# What is this grass?



## Gamecock_Lawn_Guy

Hey TLF,
New member here, and also a new (first time) homeowner in NC. One of the things I really have gotten into the past year has been lawn care. I noticed in late winter/early spring patches of this in my front yard. Can anyone help me identify what it is and how to treat it? I feel like it's starting to slowly spread through the entire yard.


----------



## SNOWBOB11

I think that's a warm season grass. Maybe bermuda or zoysia I'm not sure.


----------



## CorpRaider

Hi neighbor. Looks might be common bermuda to me (or maybe nimblewill). Easy to pull up?


----------



## Gamecock_Lawn_Guy

Yes it comes up pretty easy to pull up. I went over it with a dethatcher today and A LOT came up. Planning on aerating tomorrow and then over seeding with tall fescue.


----------



## CorpRaider

Yeah sounds like probably nimblewill, especially if its in shady/wet areas. Had some good luck with pylex and tenacity (the generic versions) on my nimblewill this fall. The common bermuda I think I'm going to need a nuclear warhead.


----------



## g-man

It looks like nimble will but if it is Bermuda, aeration will spread it. I would skip it and do the tenacity / pylex and seed tomorrow.


----------



## Gamecock_Lawn_Guy

Is there any way to tell the difference between the two?


----------



## CorpRaider

Defer to experts but you could look for some more nimblewill pics online, hard to tell for sure from your shots, honestly I thought I saw both. Nimblewill pulls easy (like breaks off from roots easy...not is easy to remove for good mechanically) and likes shade and moisture. Bermuda doesn't love shade. Are you pulling up big runners?


----------



## Gamecock_Lawn_Guy

I'm not pulling up any long runners. But the thing is, this spot is in direct sunlight most of the day. I found some pictures on how to tell the difference between the two, and I'll check it out this morning and report back.


----------



## TNguy

CorpRaider said:


> Yeah sounds like probably nimblewill, especially if its in shady/wet areas. Had some good luck with pylex and tenacity (the generic versions) on my nimblewill this fall. The common bermuda I think I'm going to need a nuclear warhead.

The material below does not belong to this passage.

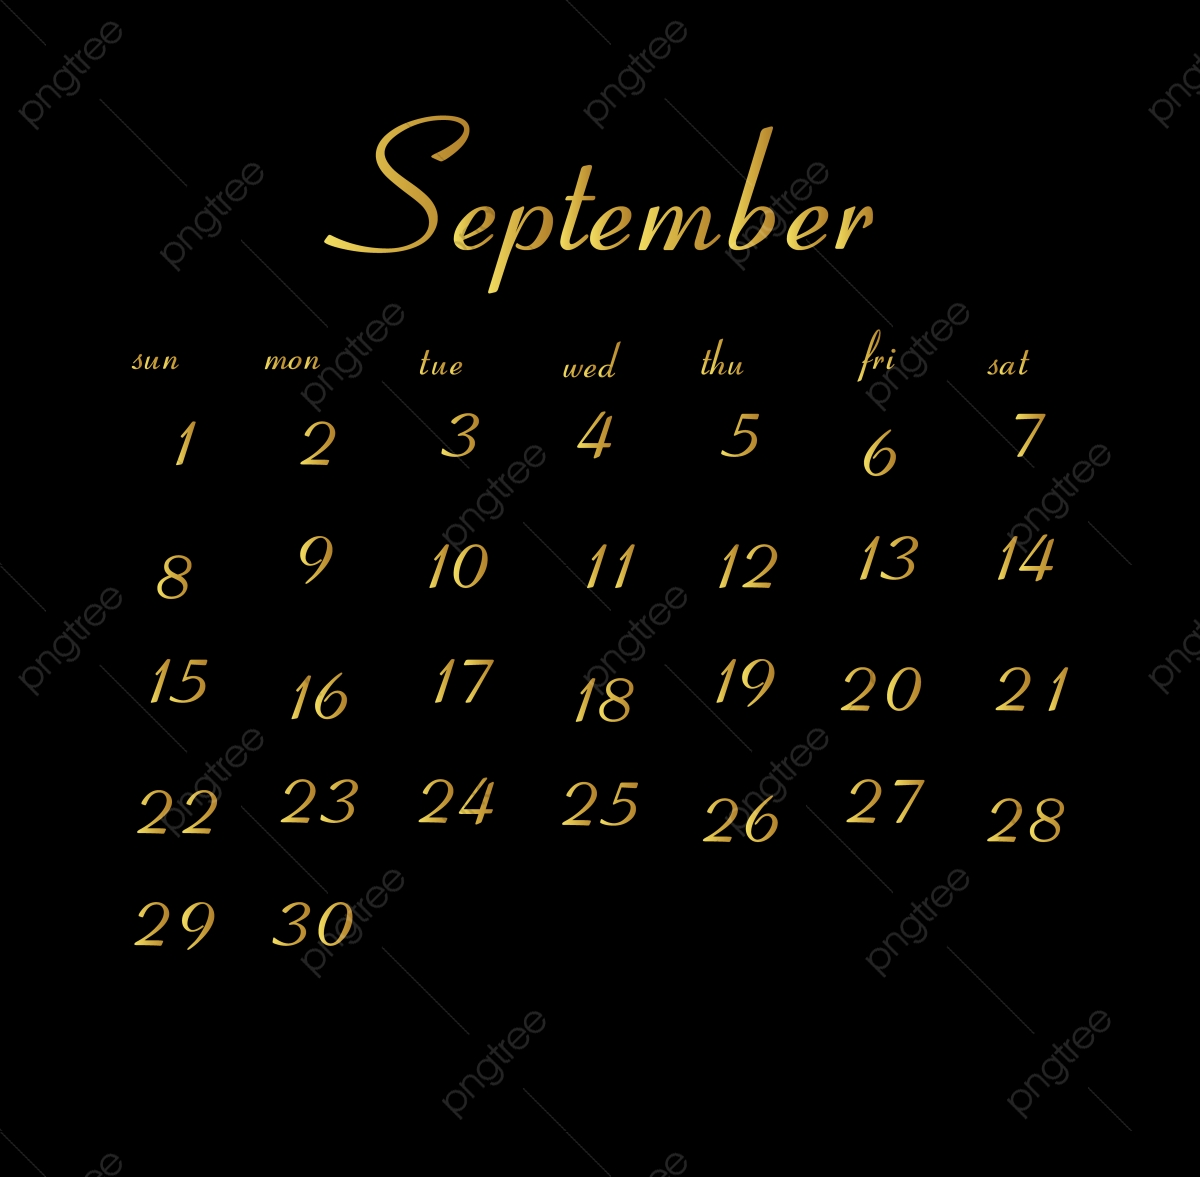 September 2019 Calendar Calendar Clean White PNG and Vector 1200x1177

I don't think a nuclear warhead would bother common bermuda too much.


----------



## stevehollx

Gamecock_Lawn_Guy said:


> Is there any way to tell the difference between the two?


Nimblewill has thinner stalks than Bermuda. It also greens up before Bermuda does, and stays green a bit later than Bermuda. I think the seed head is a bit different, but IMO I have found that the difference doesn't really matter in how you treat it selectively.

It looks like nimblewill to me, and most people in old cool season yards in NC have it in areas that see stress (near streets, corners with wear, etc.). These spots usually fill with Poa A in the spring, and then nimblewill takes over until right around now where it starts to die out (I see some yards here in Charlotte where it is still green, others where it has been dead for a few weeks).

If you have Pylex, hit it first around mid-July and then every 2-3 weeks until it is toast or you max out the label rate. i don't like mixing triclopyr in the summer with it like some recommend, as it will toast the fescue in our summer. Pylex seems to do a bit better job than tenacity, but the price of entry of Pylex is high. Tenacity should do okay. Expect to have to treat successive years, but I've been able to significantly thin out each year.


----------



## Gamecock_Lawn_Guy

I appreciate the responses. I plucked a fresh stem this morning (see below). As far as your recommendation with the Pylex… this nimble and is slowly taking over my entire front yard. Should I plan on just spraying the entire yard next summer?


----------



## Gamecock_Lawn_Guy

*also wanted to add, my front yard gets a lot of sun and irrigation.*


----------



## CorpRaider

Sheesh man, IDK. Still looks like both in the top pics to me. I just sprayed as much as possible of both with Gly a few times before seeding. I probably will do the same next fall, but with plugs from my KBG plot.


----------



## Grassyknoll

Don't know much about Bermuda since I'm a cool season guy but definitely familiar with nimblewill. If you have tenacity on hand it'll turn nw white in a week. I don't believe it has the same effect on Bermuda but could be wrong.


----------



## Gamecock_Lawn_Guy

Good tip. I'll give it a try.


----------



## mjc440

That second picture looks like Bermuda to me and that's consistent with the area being very sunny. Although I've found tenacity to be highly effective on nimblewill, it hasn't done much to Bermuda for me.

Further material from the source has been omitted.